The increasing number of Federal Trade Commission (FTC) enforcement actions in recent years against high-profile companies like Google, Facebook and Twitter for alleged privacy breaches — and the penalties imposed by the FTC, including 20 years of FTC supervision and a record $22.5 million civil penalty against Google — should make companies take a long, hard look at their privacy policies and how they handle their consumers’ personal information.
But the courts have recently provided another reason to be concerned. In one of the largest privacy class action suits ever filed, the 7th Circuit in Harris v. comScore allowed a class action to proceed against an online data research company for alleged violations of federal privacy statutes, including the Stored Communications Act (SCA) and the Electronic Communications Privacy Act (ECPA). At the heart of the complaint was the plaintiff’s claim that comScore’s software collected more personal information about its users than was disclosed in the company’s terms of service and that the company secretly sold this information to third parties, who in turn used the data for marketing research.
The holding in comScore may signal a change in this area of the law: Until recently, courts have generally found that putative class members lack standing to pursue class actions where there is no evidence of actual harm, and therefore plaintiffs had difficulty in surviving motions to dismiss in privacy breach cases. In comScore, however, the court rejected the research company’s argument that the class was unmanageable because each plaintiff had to prove actual damages. The court instead held that the damages claimed were statutory in nature and thus easily ascertainable in a class proceeding, with no need for individual showings of injury.
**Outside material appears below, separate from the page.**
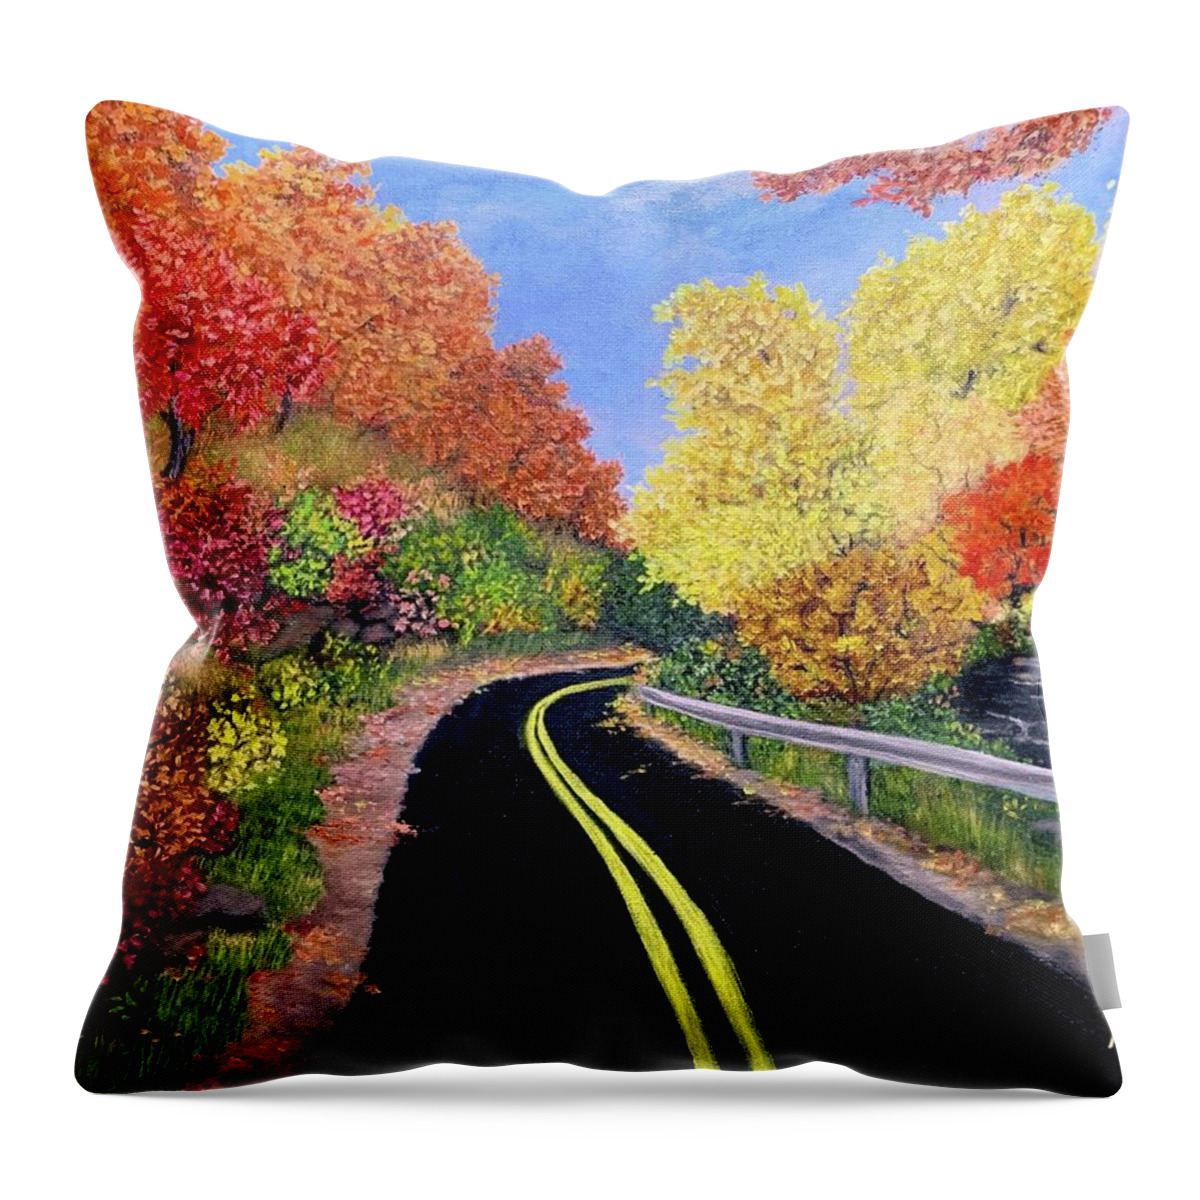  Throw Pillow featuring the painting Adirondack Country Road by Peggy Miller
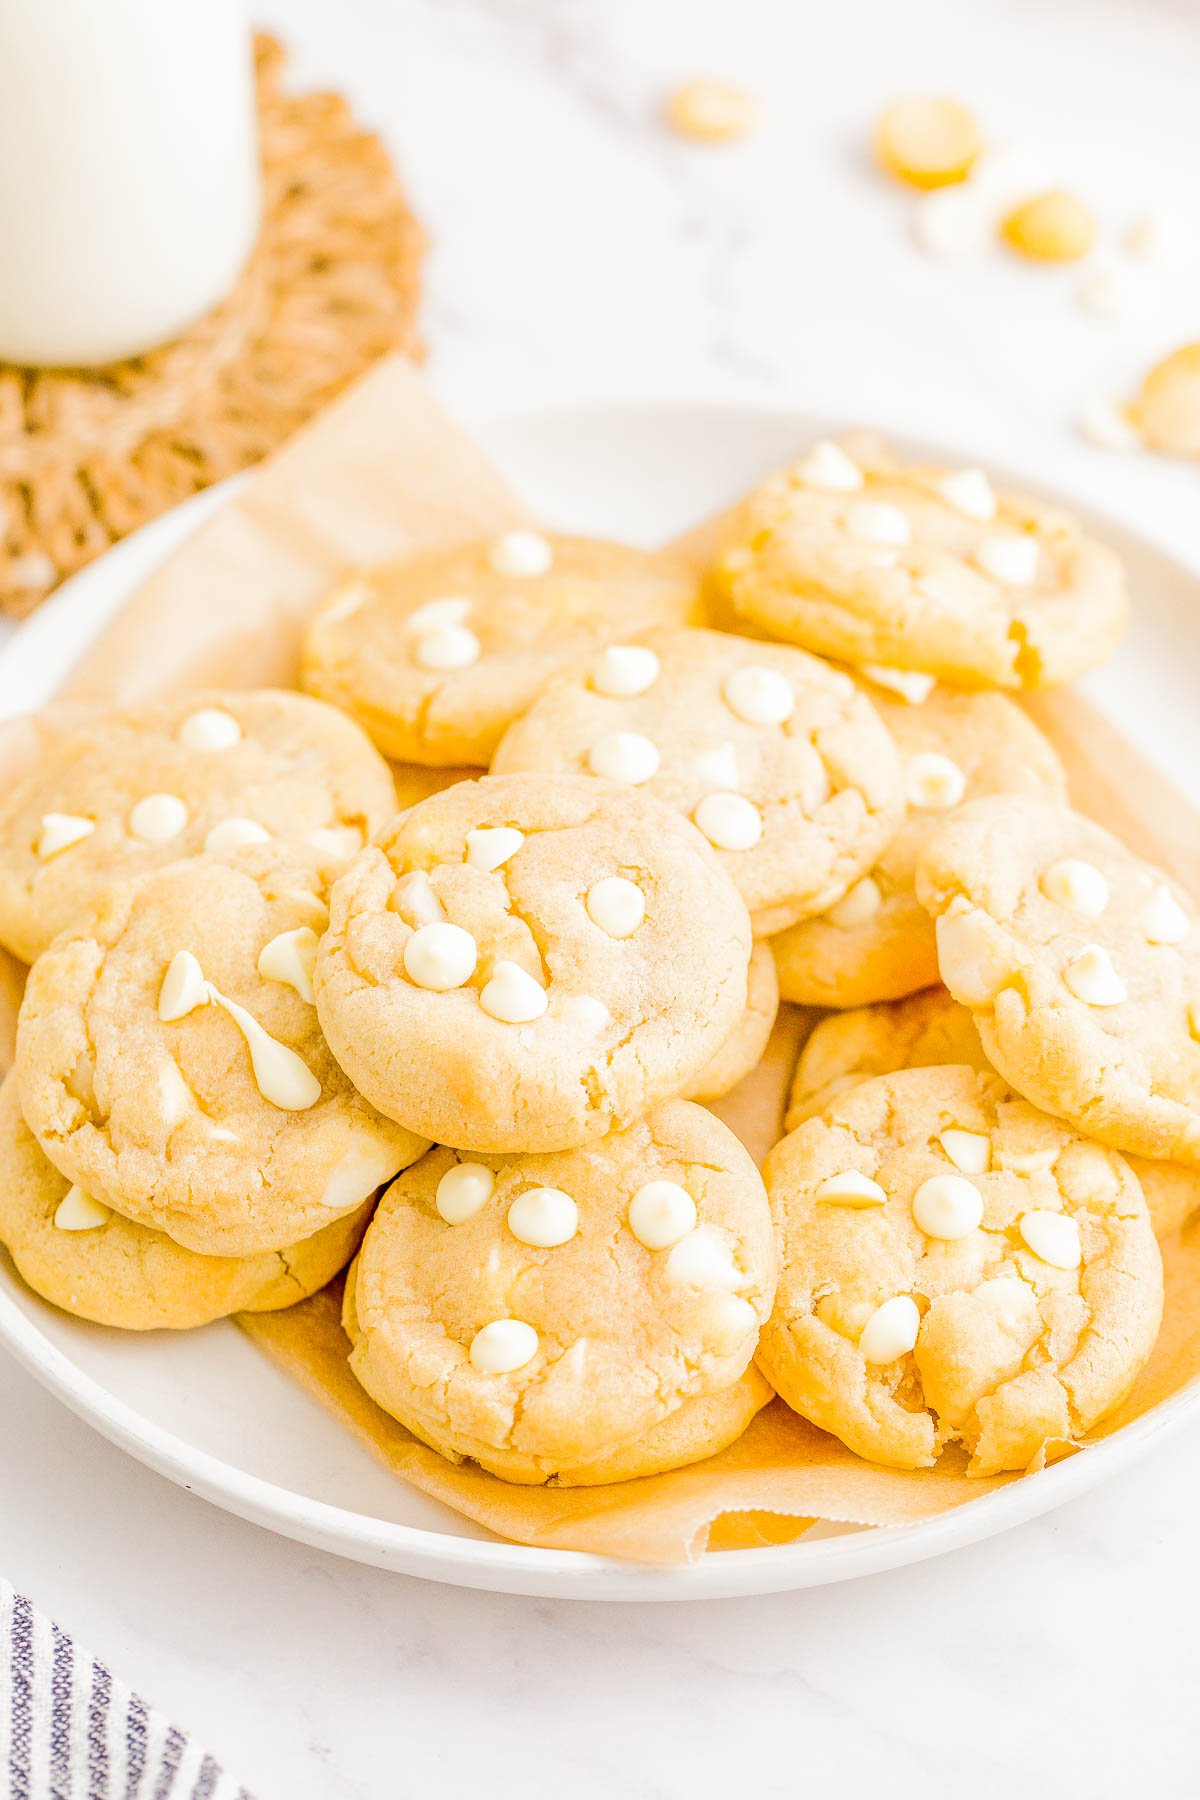 White Chocolate Macadamia Nut Cookies - These EASY white chocolate and macadamia nut cookies are the perfect combination of sweet, nutty, soft and chewy perfection! They're loaded with creamy white chocolate chips and crispy chunks of macadamia nuts and baked until slightly crisp on the outside with a perfectly soft and slightly chewy center. Learn how to make these cookies that are BETTER than from a bakery!

The SCA, for example, provides a minimum statutory fine of $1,000 for a violation, while the ECPA provides a statutory penalty range of $50 to $10,000.
With the stakes so high, companies should, at a minimum, take the following steps to limit the potential risk for privacy breach claims.
- Monitor all representations made by or on behalf of your company about its privacy policies, and periodically compare these promises to what is done in practice. If the promises change, your policy needs to change. And if the change is material, it cannot be made retroactively unless consumers expressly opt in to the change.
- Ensure that your company abides by all of its privacy promises and establish stated consequences for failure to comply.
- Collect only personal information that is reasonably necessary for your business to provide goods or services to the consumer, and don’t retain personal information beyond what is reasonably necessary to complete a transaction or provide a service.